Our goal here is really to say, for founder-led sales teams or early stage sales teams, you don’t really have the time, bandwidth, energy, and knowledge to look at all the tools out there. I mean the sales stack is growing at the same rate that the marketing text stack grew. We’re getting into the hundreds and eventually thousands of vendors in sales technologies. I was employee maybe number 350 at insidesales.com. I really cut my teeth on sales exploration technology earlier in my career and I love it.
I love what it can do, but there’s just so many competitors out there nowadays. It’s hard as a founder, or an early sales leader to say, “Which technologies do I need to use? Well, I probably need to take a demo with six different vendors to see which one really fits our processes and, oh, wait, what’s our process? I don’t actually know. We’ve only sold to a few friends, and family, and coworkers.” There’s all kinds of things you have to figure out.
We try and provide the foundational elements, and whether the actual sales execution from an STR kind of top of funnel activity happens in-house or with us, the knowledge, and the learnings, and the systems are all the same.
Marylou: Okay. Kevin, tell us about your background and how you fit into this puzzle of helping salespeople do more than just selling.
Kevin: Yeah, good question. I joined the Sale Developers because I lived all the pain points that we’re trying to solve. I’ve been in a number of early stage startups and faced these same issues. The number one experience that I pulled from, that kind of help me realize, “Man, Rex and I really get it.” Let me just say that I have the book, read their book, and had followed Rex and Ryan on LinkedIn for over a year before I joined the Sales Developers. I’m kind of working with my heroes here in a way.
I love the way that they think, I’ve followed all of their thought leadership and said, “Man, they’ve you’ve got to really do it the right way.” I was part of the early stage startup that raised a series A round of $12 million. They have actually bootstrapped for a number of years. The staff went from 40 employees to 65 very quickly.
With the $12 million that they raised, they went and hired 15 STRs, they said, “Hey, we’ve got all these things, time for the hockey stick.” It does seem like this idea like, “Okay, we’re just going to raise a bunch of money, and then throw a bunch of people at a sales problem within roughly about 12 months, they had hired and then fired/laid off/let go/ people and left about 30 sale people.

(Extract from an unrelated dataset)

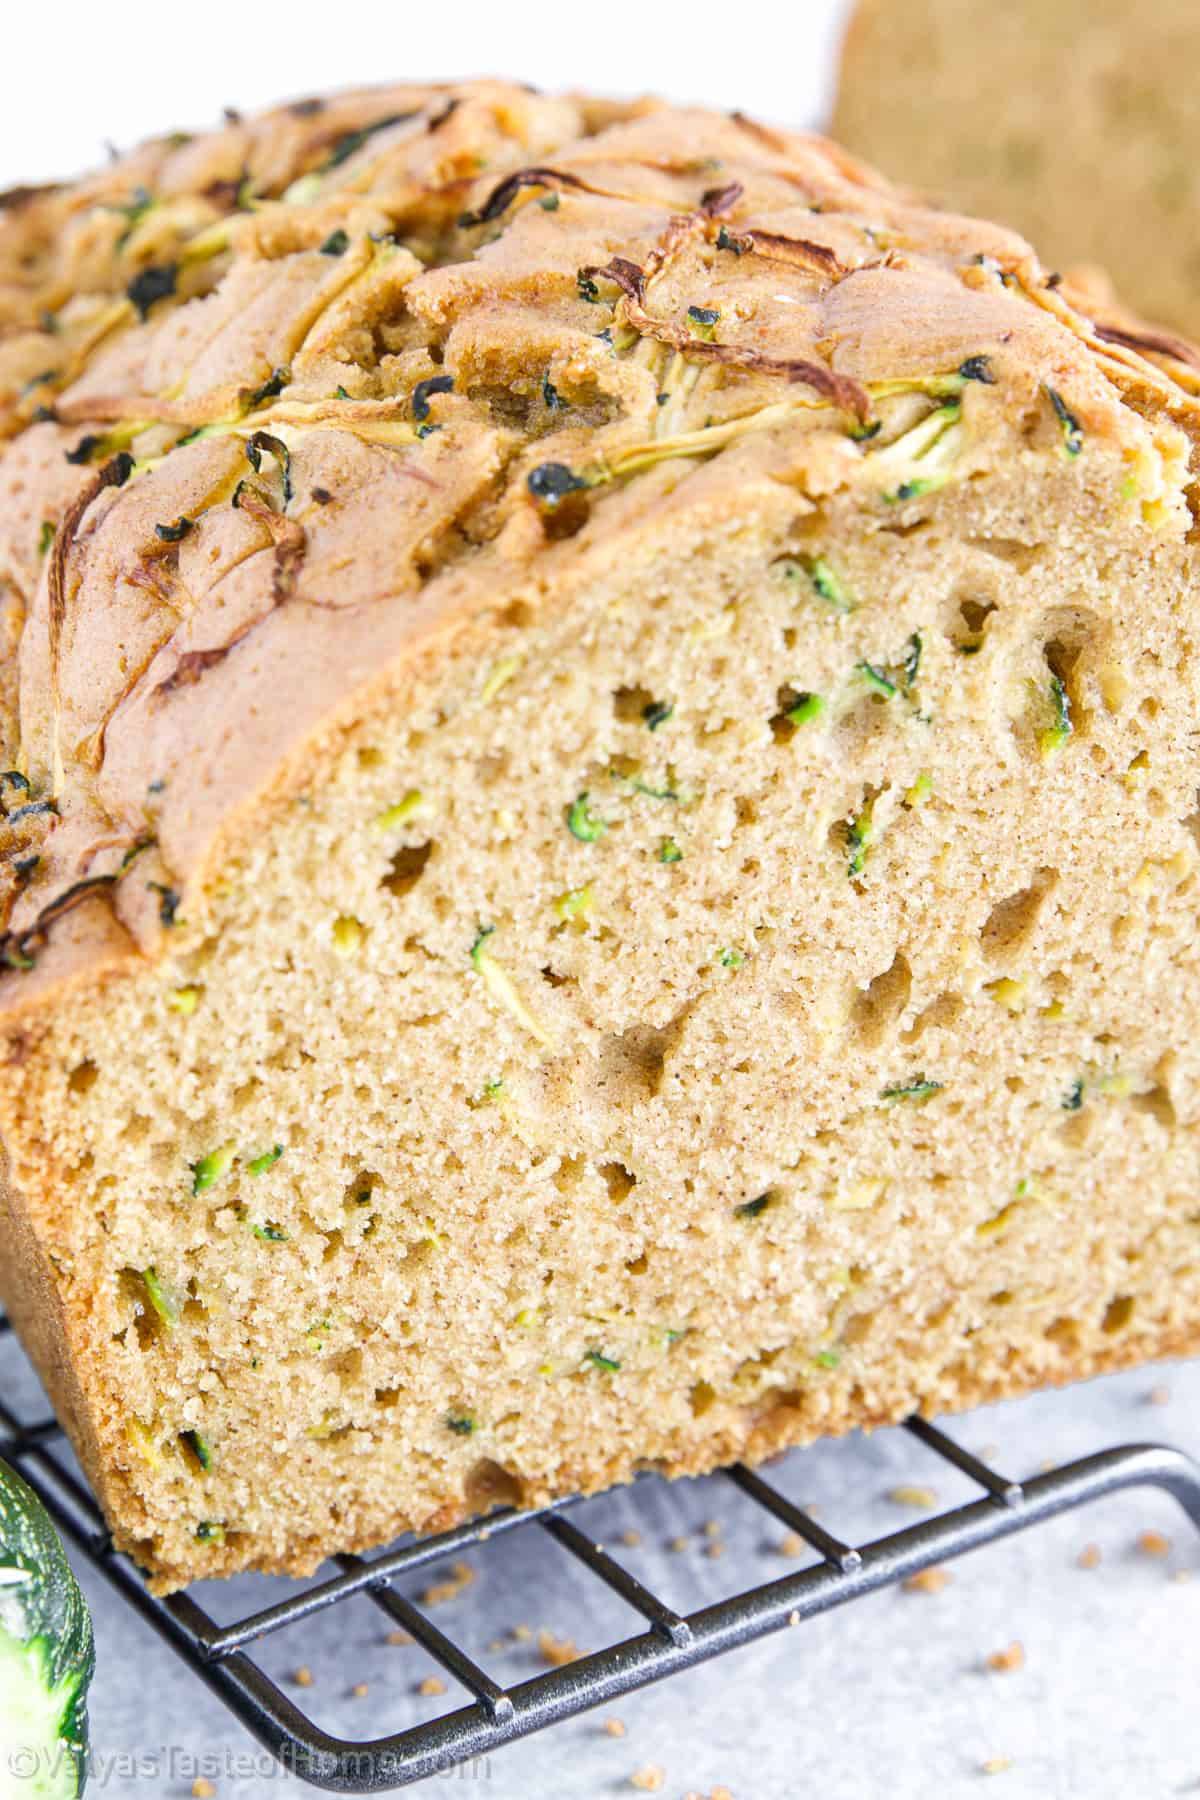 This Zucchini Bread is deliciously moist and flavorful and combines the natural goodness of zucchini with a hint of warm spices like cinnamon. Plus, it's easy!

I watched this all happen, and I was part of the wave of getting laid off, and what we are all in there trying to do our STR work, getting good meetings, not getting enough meetings, meetings not converting. The bottom line, I watched what a startup with venture capital backing try and scale a sales team from the inside. I saw the issue.
The real big issue of what we work with all of our clients on is the map of sales. The map of sales doesn’t lie. Ryan, our CEO is kind of the guy who creates this awesome formula that we that we walked and found us through that really show, you need to understand how many activities lead to how many meetings lead to how much pipeline.
Everybody has a sale target, but not enough people spend enough time working all the way backwards. That’s where Sales Developers comes in, we not only help you understand what your map of sales is, but we show you that you probably don’t have a people problem. You probably have a process problem, and you’re probably not doing enough of the right things enough times.
If you can focus granularly on those little thing, whether it’s phone calls, emails, LinkedIn connections, having the right messaging, it’s all about earning more conversations and better conversations, and that’s either going to help you go to market really quickly, and have a lot of success, or it’s going to help you iterate to find out really quickly, “Hey, this isn’t working.”
Our systems are designed to make any sales person using them four to five times more effective than what they can do on their own, and that’s based off those averages––industry averages, so that’s why I joined the Sales Developers, and that’s kind of a big problem that we’re solving, helping people either figure out really quickly, this is going to work, or, “Hey, this is really working,” and then they can add fuel to the fire and we can help them do it with the outsource model, or we hand off the systems happily and kind of hope to maintain them.
Marylou: Okay, this is not only for those listening, for startups, or for founder-led, I work up market, usually bigger enterprises, and a lot of times, I’m going into organizations that have the traditional legacy type of sales selling methodologies in place, and they’re thinking, “Wow, we should probably start looking at lead generation and opportunity management what have you, and we want to put this thing in,” and have no idea how to go about it. A lot of the reps have been there for a long time, they do all roles, so there’s this whole issue of separation of roles. Do you guys believe in separation of roles, or do you think this could also work for the account executive that’s out there that is also prospecting 20% of his time? Do you have models for both full and part time prospecting?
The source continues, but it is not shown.